[proofplan] The factorization hypothesis turns every integer solution into a factor pair of the fixed element $C$ in the unique factorization domain $R$. Unique factorization implies that the divisors of $C$ have only finitely many associate classes, so the possible values of $A(x)$ and $B(x)$ are finite up to multiplication by units. The assumed gcd restriction discards all factor pairs whose common divisor type is not allowed. What remains is exactly the coordinate compatibility problem: determine which of the admissible factor pairs actually lies in the image of the map $x\mapsto (A(x),B(x))$. [/proofplan]

[step:Translate each integer solution into a factor pair of $C$] Let $x=(x_1,\dots,x_n)\in S$. By the assumed equivalence defining $S$, \begin{align*} A(x)B(x)=C. \end{align*} Define \begin{align*} a&:=A(x),\\ b&:=B(x). \end{align*} Then $(a,b)\in R^2$ satisfies $ab=C$. Since $C\ne 0$ and $R$ is an integral domain, neither $a$ nor $b$ is zero. Thus $a$ and $b$ are divisors of $C$ in $R$. By the gcd hypothesis, every greatest common divisor of $A(x)$ and $B(x)$ is associate to an element of $\Gamma$. Since $a=A(x)$ and $b=B(x)$, every greatest common divisor of $a$ and $b$ is associate to an element of $\Gamma$. Therefore every solution $x\in S$ belongs to one of the sets \begin{align*} S_{a,b}=\{y\in \mathbb{Z}^n:A(y)=a,\ B(y)=b\} \end{align*} with $ab=C$ and with gcd type allowed by $\Gamma$. [/step]

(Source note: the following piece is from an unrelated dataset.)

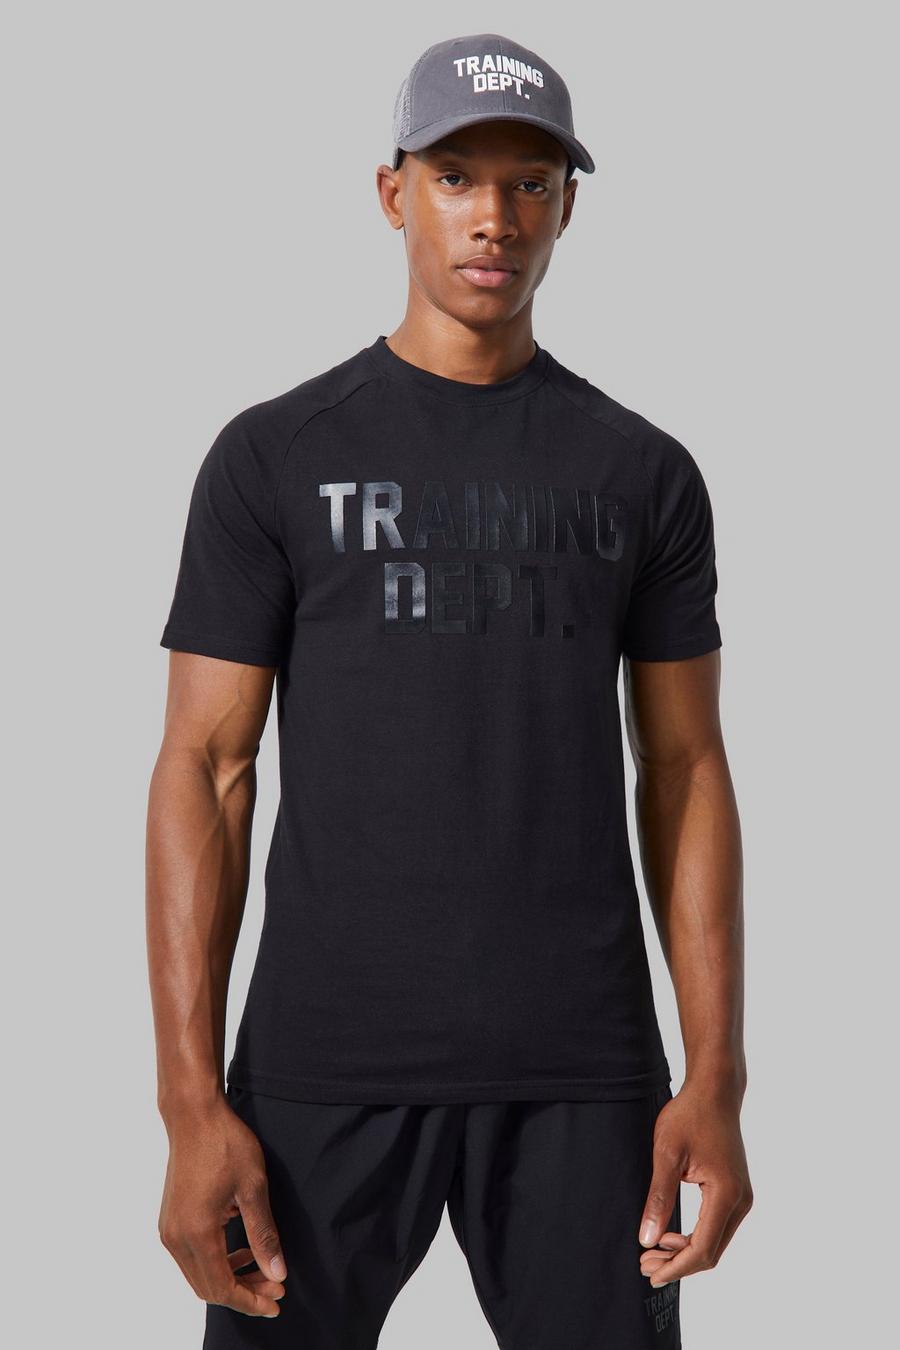 Black Man Active Muscle Fit Training Dept T-Shirt

[step:Show that only finitely many divisor pairs occur up to units] Because $R$ is a unique factorization domain and $C\ne 0$, choose a factorization \begin{align*} C=u p_1^{\alpha_1}\cdots p_m^{\alpha_m}, \end{align*} where $m$ is a nonnegative integer, $u\in R^\times$, the elements $p_1,\dots,p_m\in R$ are irreducible and pairwise non-associate, and each exponent $\alpha_i$ is a positive integer. Let $d\in R$ be a divisor of $C$. Then there exists $e\in R$ such that $de=C$. Choose factorizations of $d$ and $e$ into irreducibles. By uniqueness of factorization up to units and order, every irreducible factor occurring in either factorization must be associate to one of $p_1,\dots,p_m$, since their product is associate to $p_1^{\alpha_1}\cdots p_m^{\alpha_m}$. For each $i\in\{1,\dots,m\}$, let $\beta_i$ denote the exponent of the associate class of $p_i$ in $d$. Comparing exponents in the equality $de=C$ gives $0\le \beta_i\le \alpha_i$. Hence $d$ is associate to an element of the form \begin{align*} p_1^{\beta_1}\cdots p_m^{\beta_m}, \end{align*} where $0\le \beta_i\le \alpha_i$ for each $i\in\{1,\dots,m\}$. There are exactly \begin{align*} \prod_{i=1}^m(\alpha_i+1) \end{align*} possible exponent vectors $(\beta_1,\dots,\beta_m)$, so the divisors of $C$ have finitely many associate classes. Therefore the factor pairs $(a,b)$ with $ab=C$ have finitely many orbits under the unit action \begin{align*} u\cdot(a,b)=(ua,u^{-1}b),\qquad u\in R^\times. \end{align*} This action preserves the product because \begin{align*} (ua)(u^{-1}b)=ab=C. \end{align*} [/step]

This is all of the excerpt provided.